I mentioned cream teas a couple of days ago, and was asked to provide more details. It seems that the concept of the cream tea hasn’t travelled to America, which is surprising as it contains a lot of fat and sugar, which are what I consider to be two of the main ingredients in American food. Looking at the Wiki entry for clotted cream it seems it would be classed as butter in the USA, which would really confuse things.

The cream tea as we know it dates back to the 1850s, according to the Cream Tea Society. Other sources cite dates of 1931 and even 1964. The latter date is cited by the OED, and I can’t say they’ve exactly covered themselves in glory in this case.
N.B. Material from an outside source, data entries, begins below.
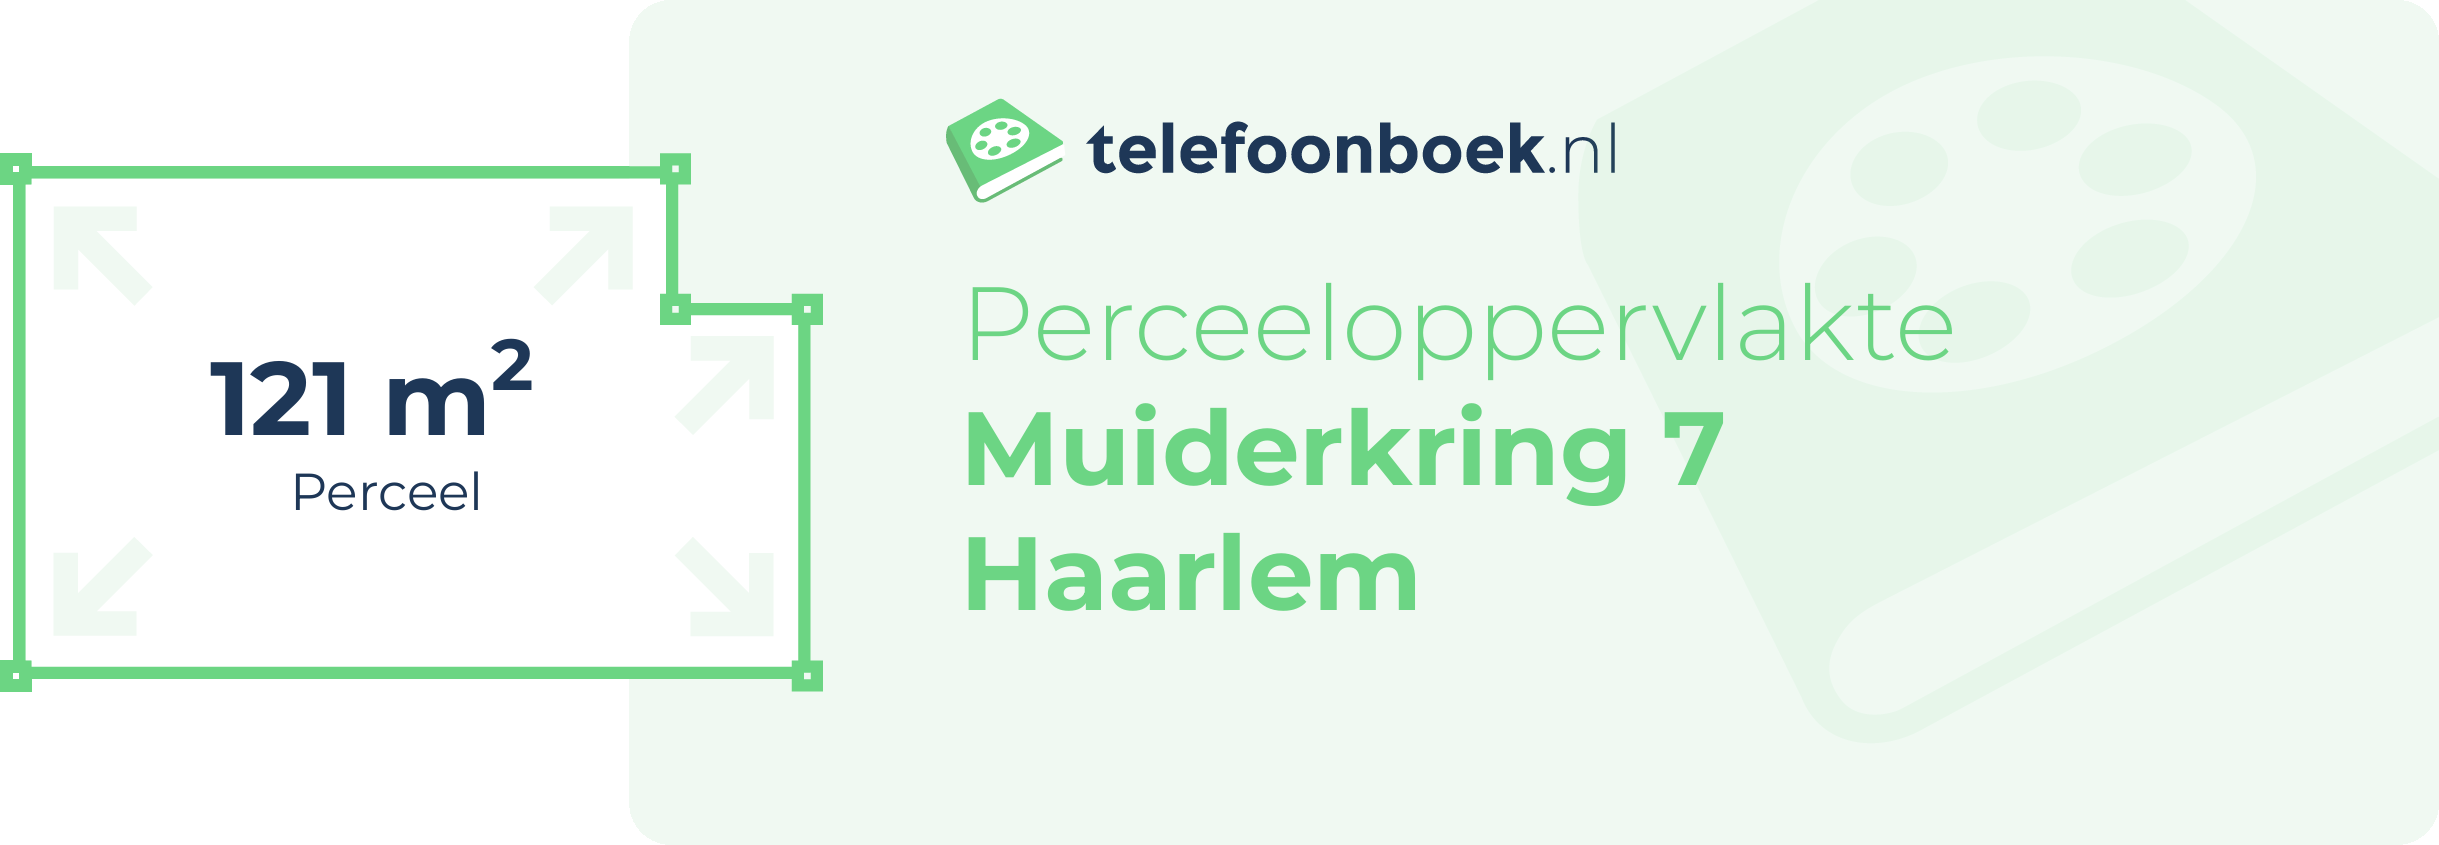 Perceeloppervlakte Muiderkring 7 Haarlem
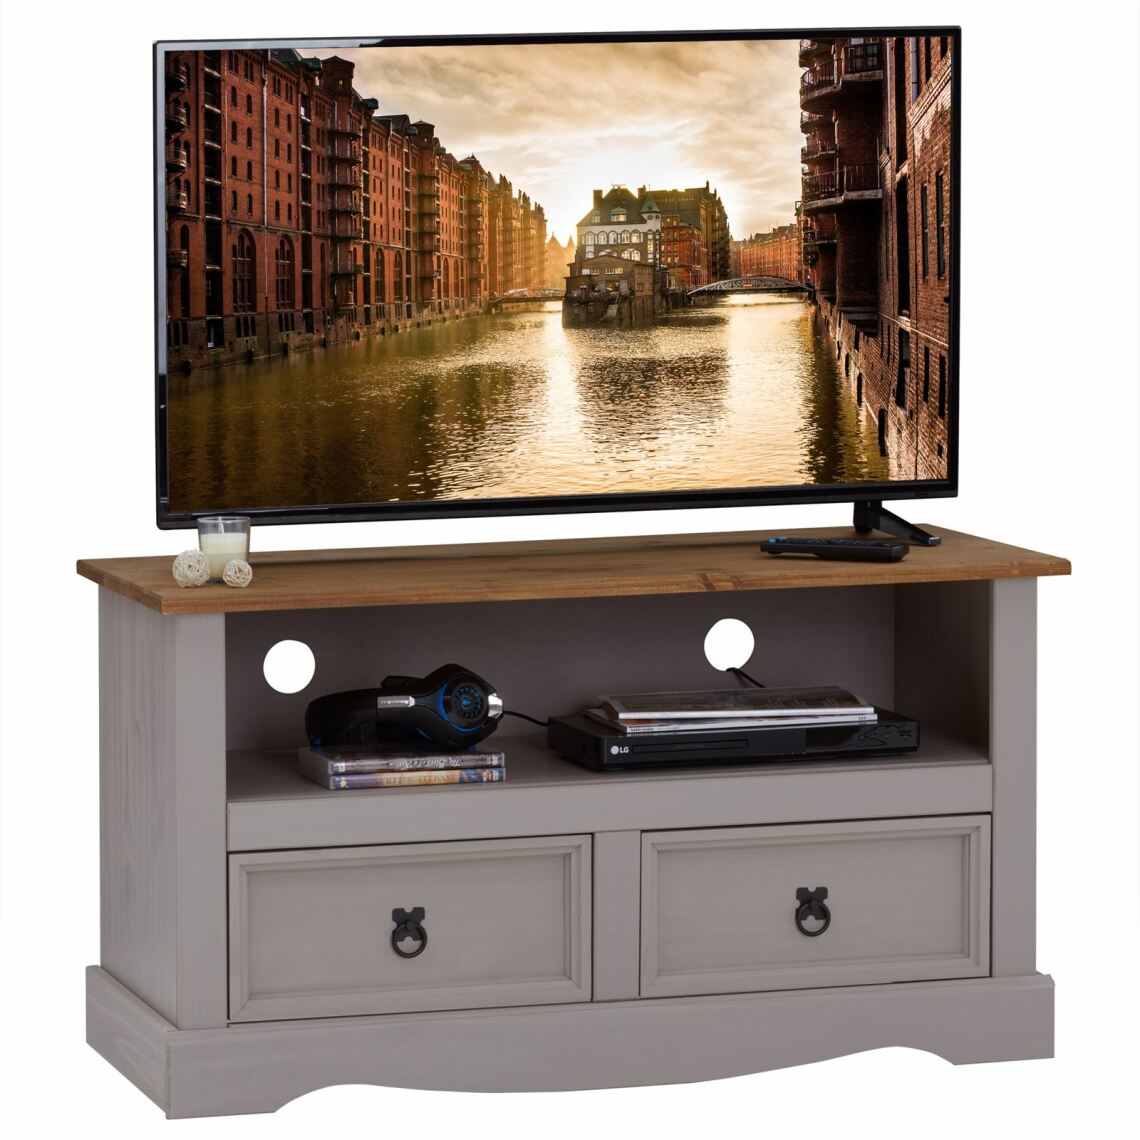 Idimex - Meuble TV RAMON avec 2 tiroirs, style mexicain en pin massif gris et brun - Meubles TV, Hi-Fi
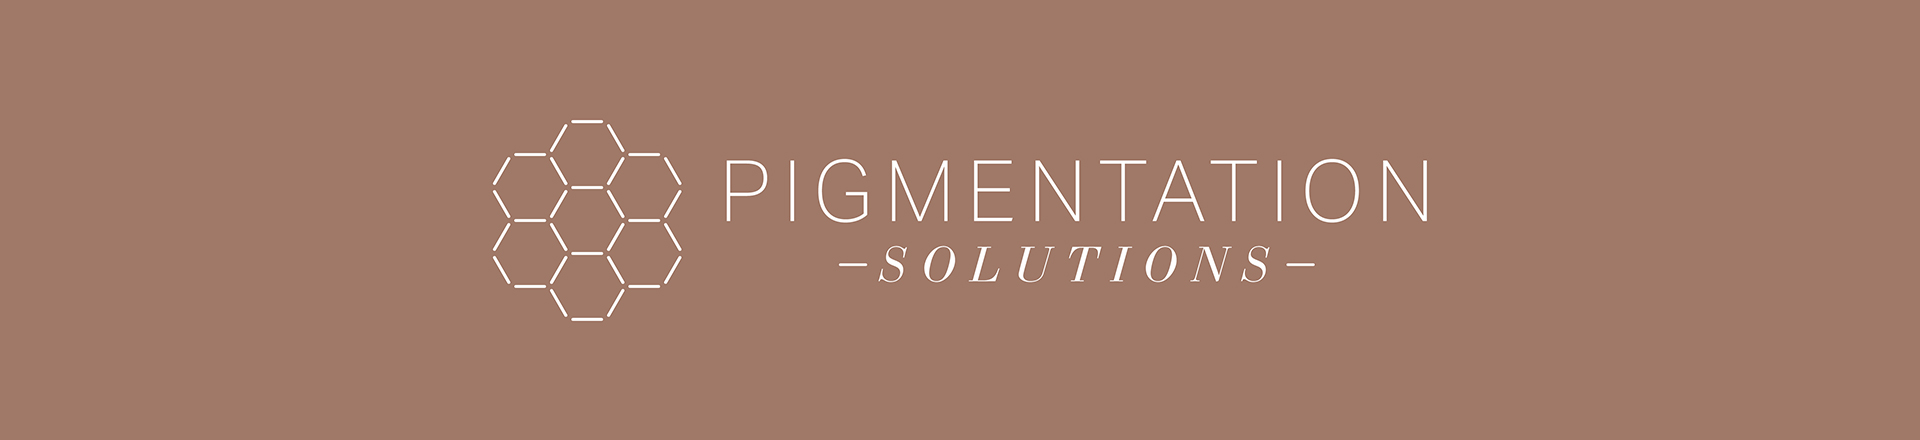 Pigmentation Solutions
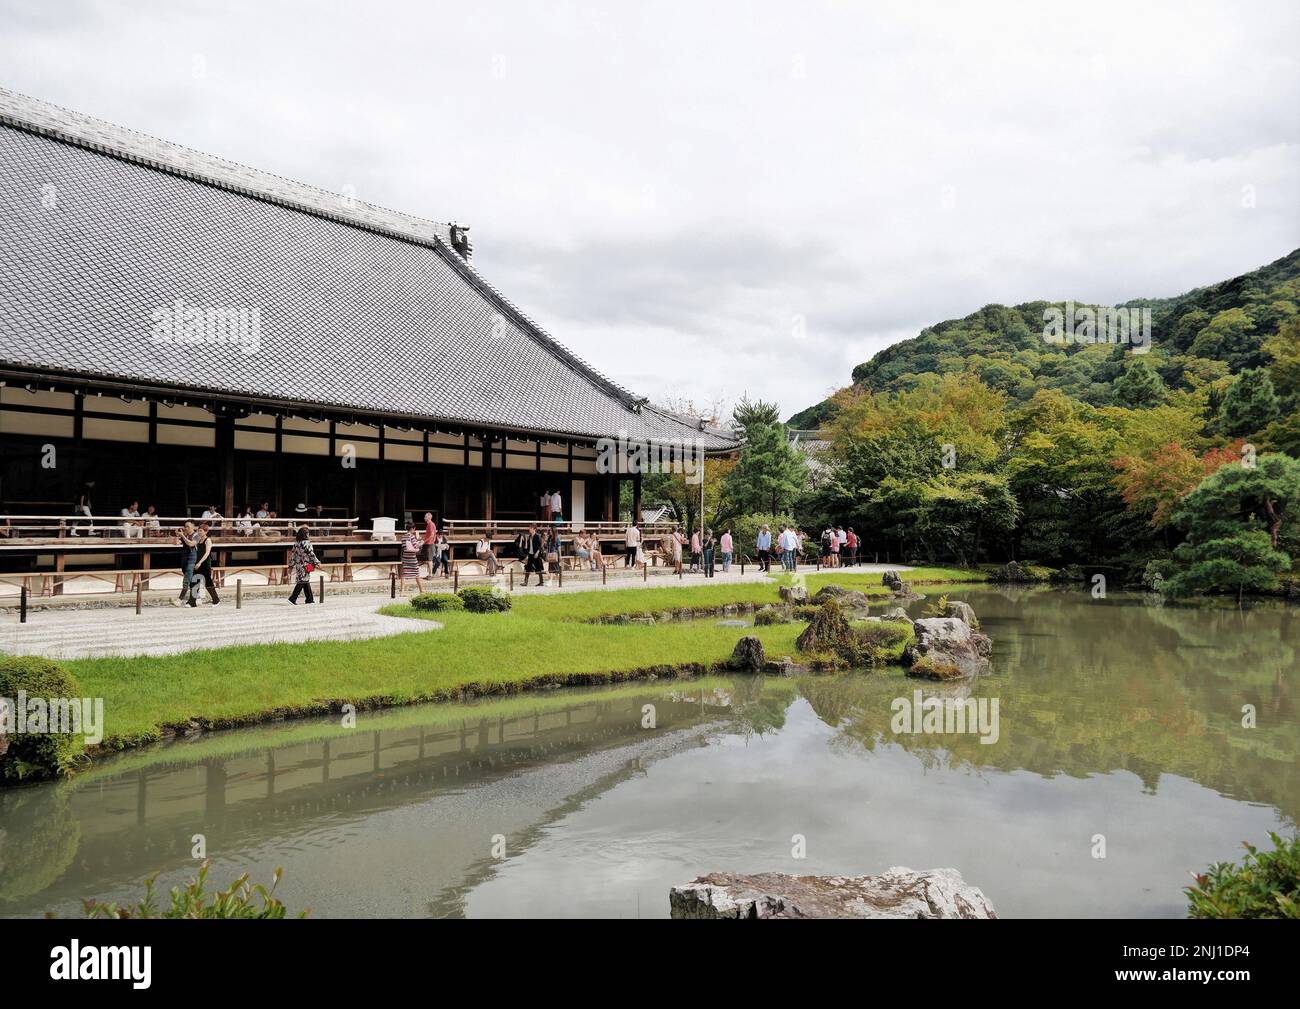 Kyoto, Japan - Sept, 2017: Garden with pond in front of Main pavilion Tenryu-ji Temple at Arashiyama Traditional Japanese Architecture. Sogenchi Pond Stock Photo
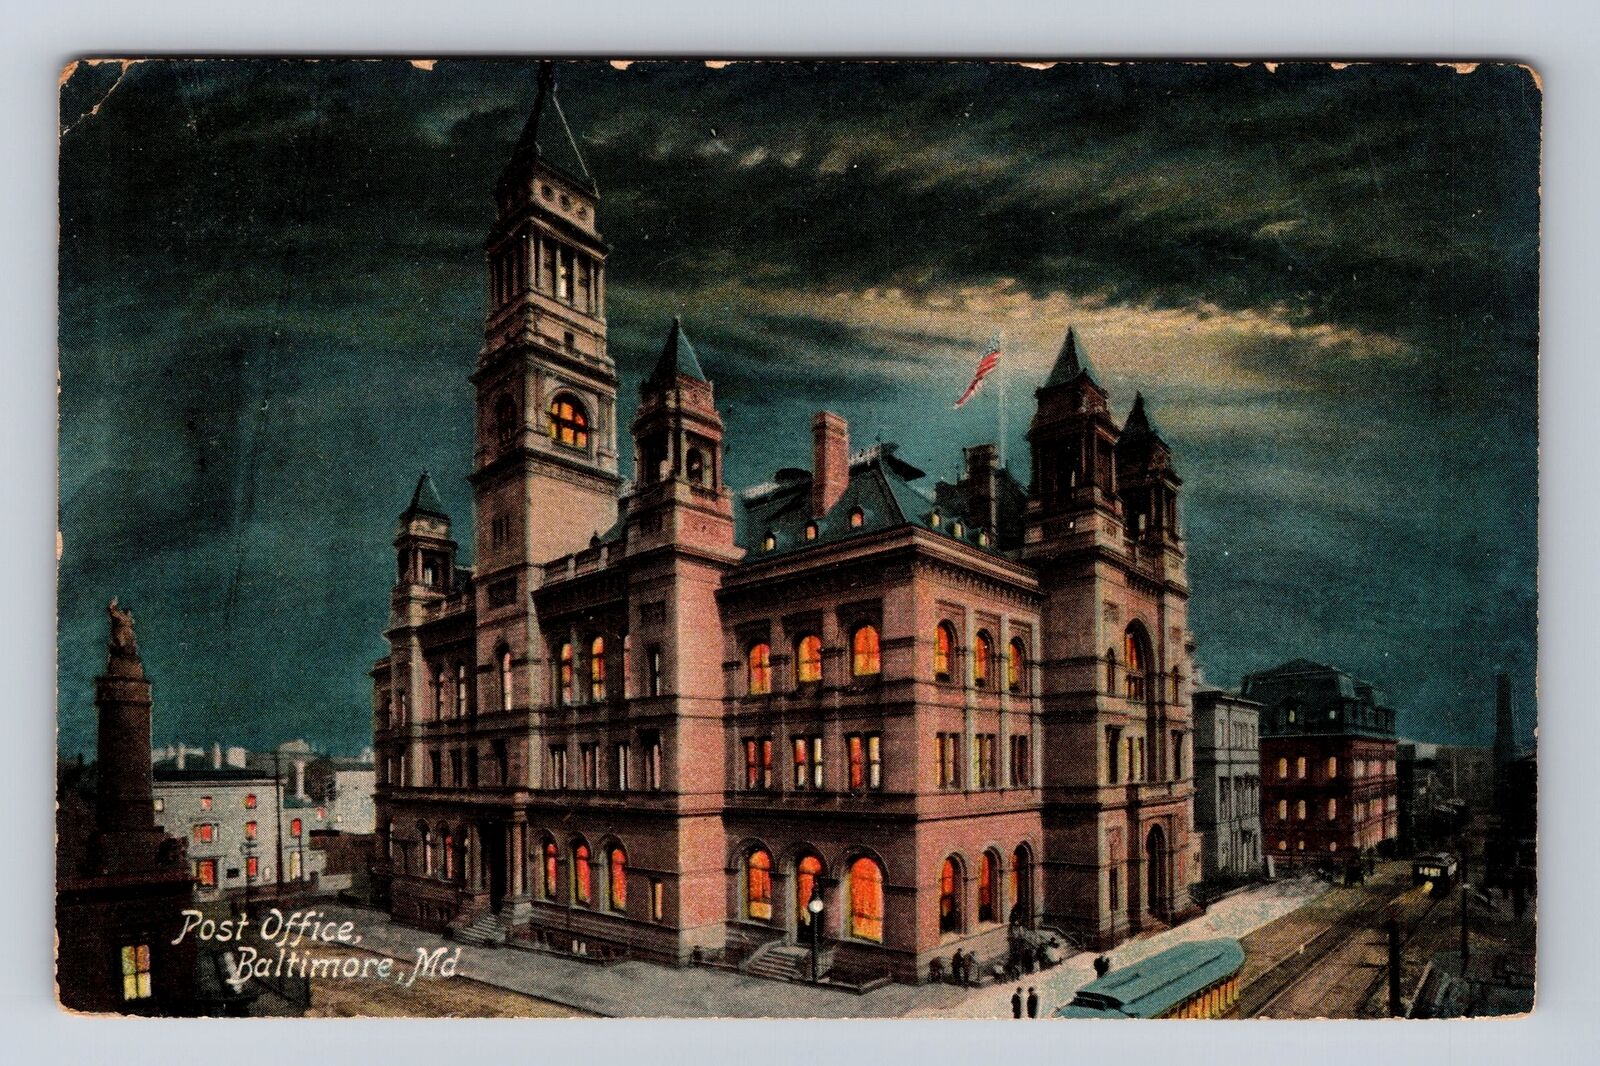 Baltimore MD-Maryland, United States Post Office, Antique Vintage c1909 Postcard
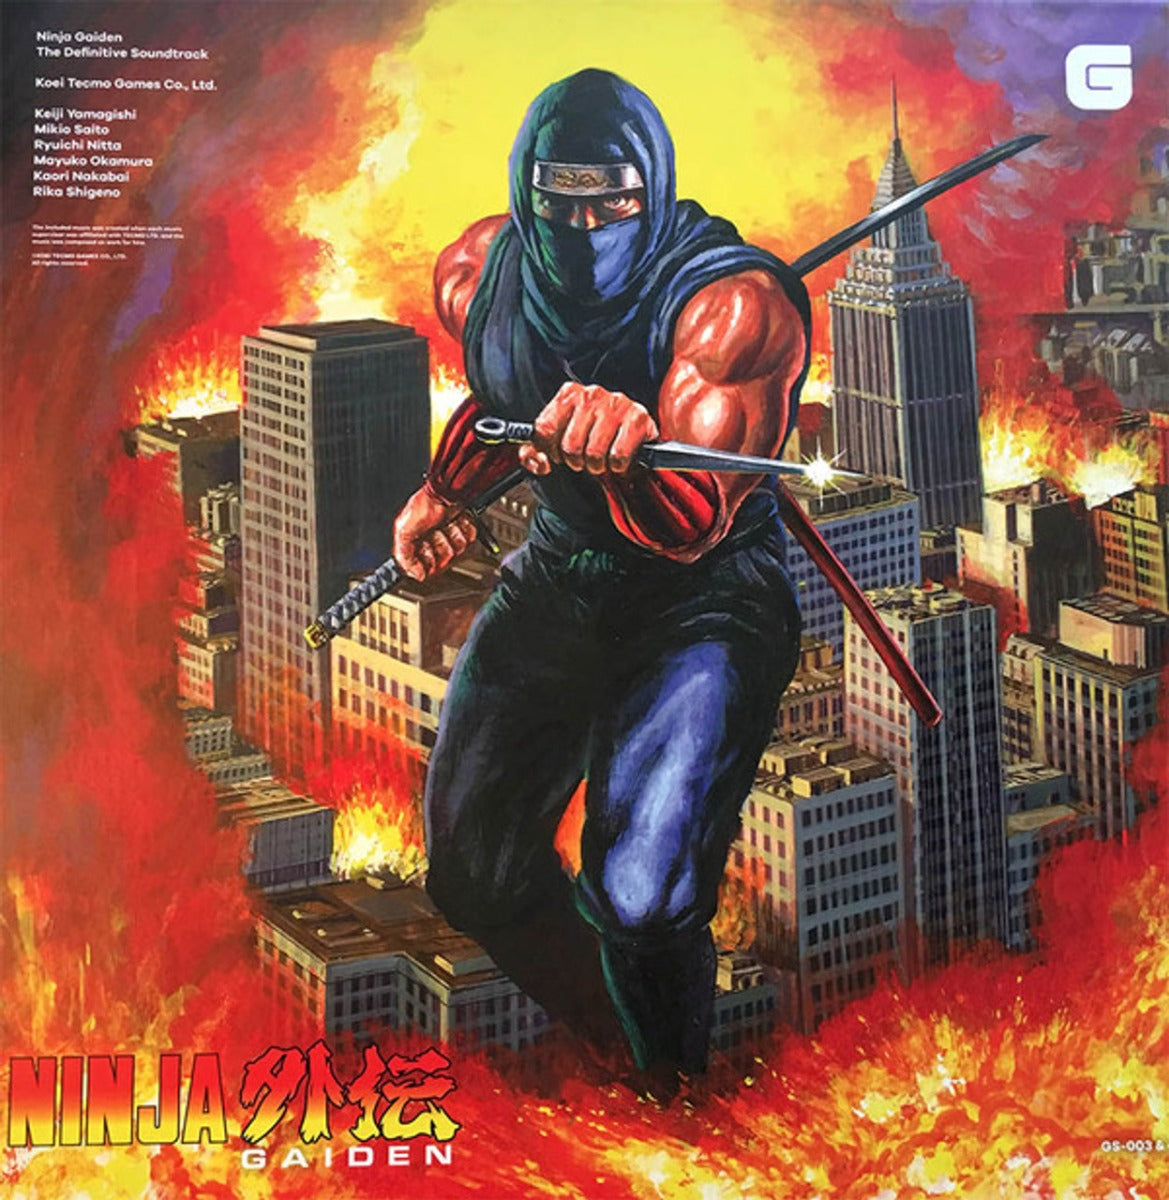 Ninja Gaiden: The Definitive Soundtrack

I’m sure I’ve seen references to them in the 1920s and 30s (whilst reading classic crime novels and I will make a note when I next see a reference – I haven’t made one before because I didn’t realise I would ever need the information.

There are even references going back to the 10th century.

My mother, who worked in a farm tea shop at weekends in the dim and distant past, remembered making cream teas well before 1964.

TESCO cream tea

The normal cream tea consists of scones, strawberry jam, clotted cream and tea. There is a traditional Cornish version which uses Cornish splits, but I’ve never actually seen one. In the south west I’ve often had it with plain scones, though in the rest of the country it’s usually a fruit scone.

I’ve also had other jam, and in fact I do like apricot jam with my cream tea.

There’s no such latitude with the cream. Cornish Clotted Cream  is a protected product and can only be made in Cornwall from milk produced in Cornwall.

As for the tea to accompany it, I noted that at TESCO you can pay extra and have it with coffee. I’m not sure why, but my view of coffee is not a positive one. Any beverage that is improved by passing through the digestive tract of a weasel is not really one for me.

That just leaves one area to cover – cream first with jam on top (Devon style) or jam first with cream on top (Cornish style). Debrett’s says jam first and cream on top.

It’s like the milk in first debate – there is no right answer.

Misleading picture

Note that they serve it with jam on top. In reality the jam provided with the cream tea has no chunks of fruit in it, so doesn’t look quite so attractive.